この判決に対する上告及び上告受理申立てのための付加期間を30日と定める。
事実及び理由
全容
第1原告が求めた判決特許庁が不服2006-25590号事件について平成21年9月7日にした審決を取り消す。
第2事案の概要本件訴訟は,特許出願拒絶査定を不服とする審判請求を成り立たないとした審決の取消訴訟である。争点は,本願発明(請求項1に係る発明)の進歩性の有無である。
1特許庁における手続の経緯原告は,平成12年(2000年)10月16日,名称を「ガランタミン及び甘味剤を含む経口液剤」とする発明について,欧州特許庁をパリ条約による優先権主張国とし,優先日を平成11年(1999年)10月26日とする国際特許出願をしたが(特願2001-532738号,請求項の数10),平成18年8月8日付けで,特許庁から拒絶査定を受けた。
そこで,原告は,平成18年11月13日,上記拒絶査定につき不服審判請求をするとともに,平成18年12月12日付けで特許請求の範囲の記載を一部改める補正をしたところ,特許庁はこれを不服2006-25590号事件として審理した上で,平成21年9月7日,「本件審判の請求は,成り立たない。」との審決をし,その謄本は平成21年10月5日に原告に送達された。

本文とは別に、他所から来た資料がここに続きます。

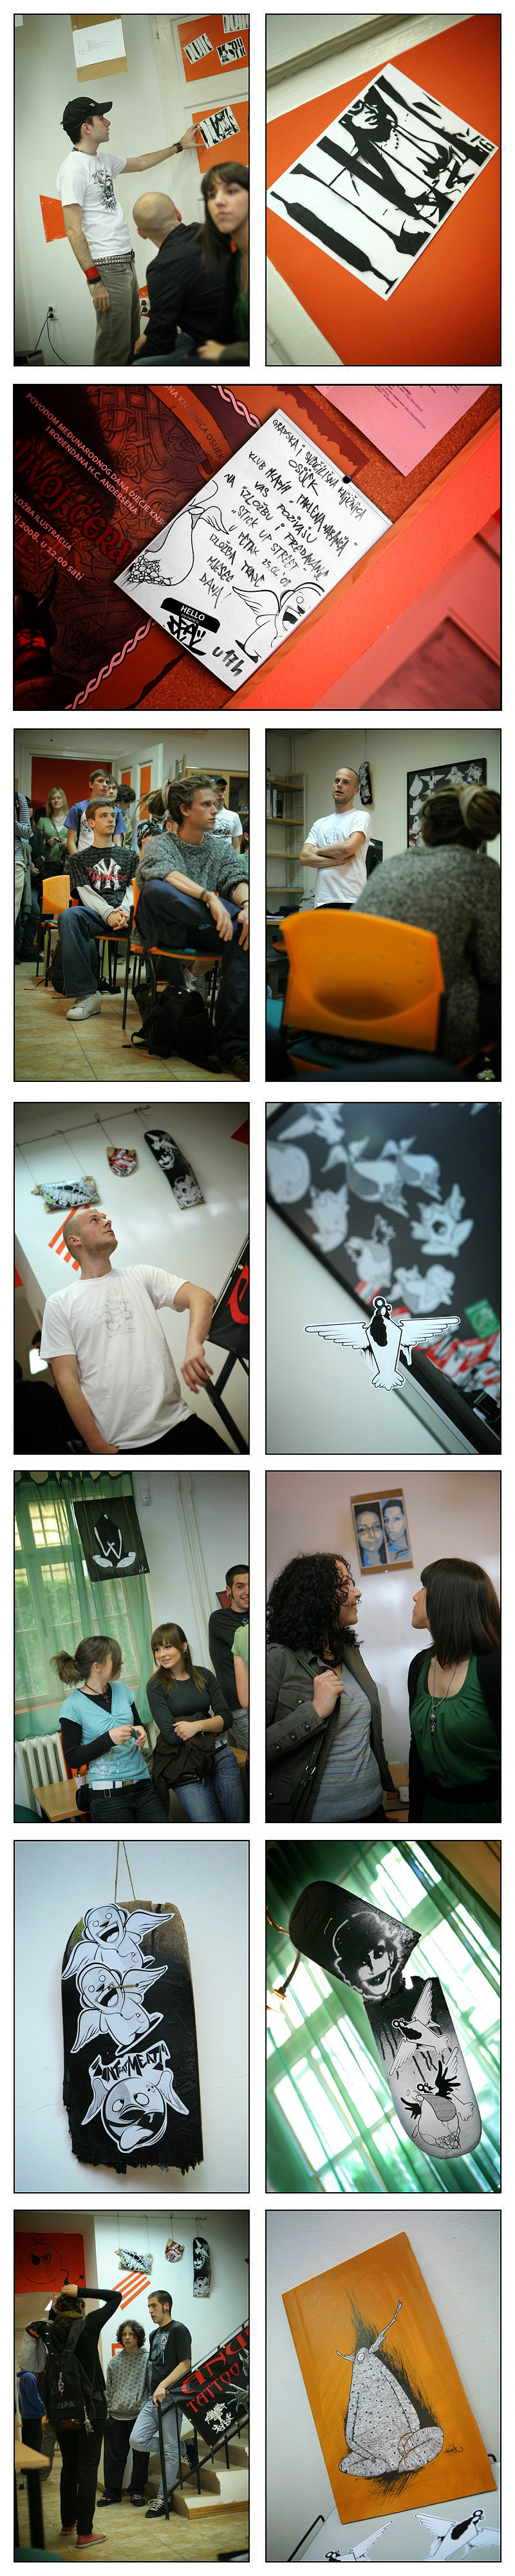 Paklena naranča  [url=http://www.osijek031.com/osijek.php?najava_id=13249]Paklena naranča: street art projekt

2本願発明の要旨本件の出願に係る発明は,アルツハイマー病やアルコール依存症(アルコール中毒症)等の治療に用いられる化合物ガランタミン及びその塩類に係る経口液剤,その使用方法及び調製方法に関する発明で,請求項の数は前記のとおり10であるが,本願発明の特許請求の範囲は以下のとおりである。
【請求項1】「0.005〜3%(w/v)の強力甘味料である甘味剤を含んで成り且つバルクの液体のキャリヤーが水性であることを特徴とする,ガランタミンもしくは製薬学的に許容できるその付加塩を含んで成る経口液剤。」3審決の理由の要点本願発明は,下記引用例2,3に記載された周知技術を勘案することにより,引用例1に記載された発明(以下「引用発明」という。)に基づいて当業者が容易に発明できたもので進歩性を欠く(特許法29条2項)。
【引用例1】(甲1)特開平4-221315号公報【引用例2】(甲2)特開平10-273435号公報【引用例3】(甲3)国際公開第99/39691号公報審決が認定した引用発明の要旨,本願発明と引用発明の一致点及び相違点はそれぞれ下記のとおりである。
【引用発明の要旨】「活性物質ガランタミンまたはその薬学的に受入れ可能な酸添加塩類を用い,経口投与で用い,水を溶媒とする溶液の製剤」。
【引用発明と本願発明の一致点】「バルクの液体のキャリヤーが水性である,ガランタミンもしくは製薬学的に許容できるその付加塩を含んで成る経口液剤」である点。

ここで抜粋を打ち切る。